We're still hitting the OOMs when building clang-repl with LTO even with -DLLVM_PARALLEL_LINK_JOBS=32. While we don't build this target explicitly in our toolchain, it is built when running tests via stage2-check-clang. Is there perhaps a simple cmake flag that allows us to not run clang-repl tests so we don't build it?

To clarify, this is on a machine with 512GB RAM.

We're still hitting the OOMs when building clang-repl with LTO even with -DLLVM_PARALLEL_LINK_JOBS=32. While we don't build this target explicitly in our toolchain, it is built when running tests via stage2-check-clang. Is there perhaps a simple cmake flag that allows us to not run clang-repl tests so we don't build it?

To clarify, this is on a machine with 512GB RAM.

@leonardchan, @phosek, I am not aware of such flag. Do you know how much memory does LTO + clang-repl consume and would it make sense to ping some of the LTO folks for their advice?

@leonardchan, @phosek, I am not aware of such flag. Do you know how much memory does LTO + clang-repl consume and would it make sense to ping some of the LTO folks for their advice?

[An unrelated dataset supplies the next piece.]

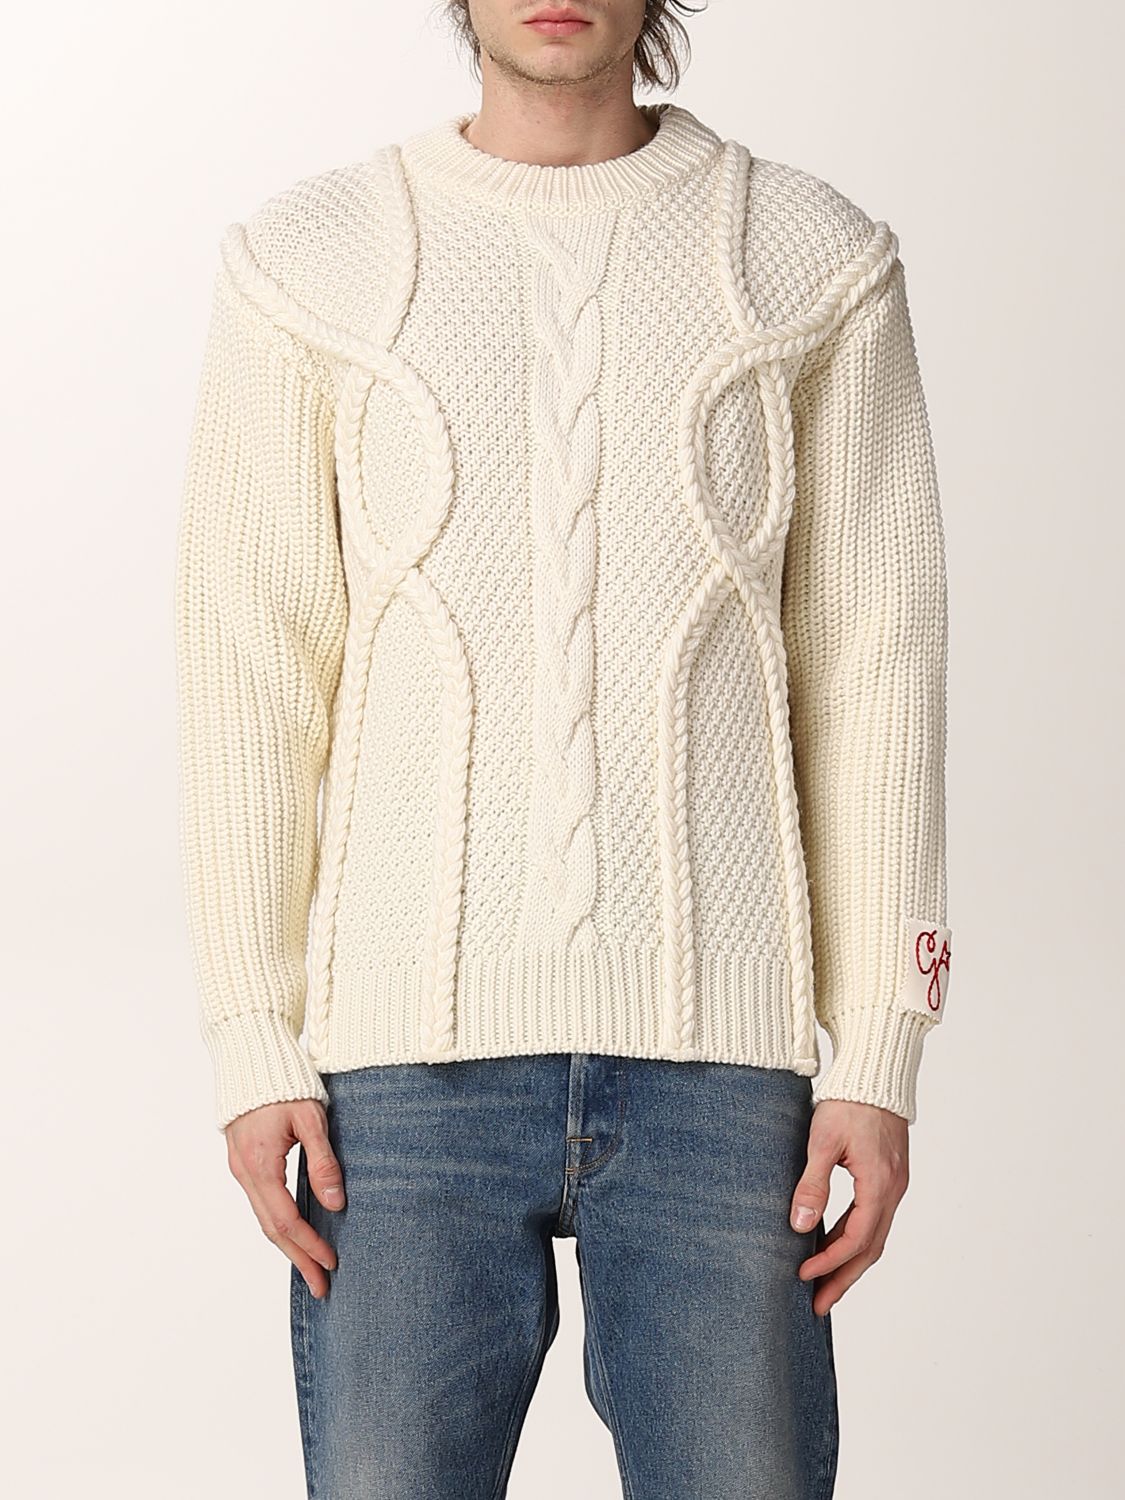 GOLDEN GOOSE: virgin wool sweater - White | Golden Goose sweater ...

I played around a bit with adding a flag and it turned out to be not as difficult as I thought it would: D108173. I think making this more of an "opt-in/out" tool like clang-staticanalyzer might be a good idea in general since not all downstream users may want to built all clang tools.

@leonardchan, @phosek, I am not aware of such flag. Do you know how much memory does LTO + clang-repl consume and would it make sense to ping some of the LTO folks for their advice?

I played around a bit with adding a flag and it turned out to be not as difficult as I thought it would: D108173. I think making this more of an "opt-in/out" tool like clang-staticanalyzer might be a good idea in general since not all downstream users may want to built all clang tools.

I would rather fix the underlying issue. @samitolvanen, @pcc do you know who can help us with debugging excessive memory use when linking clang-repl using LTO?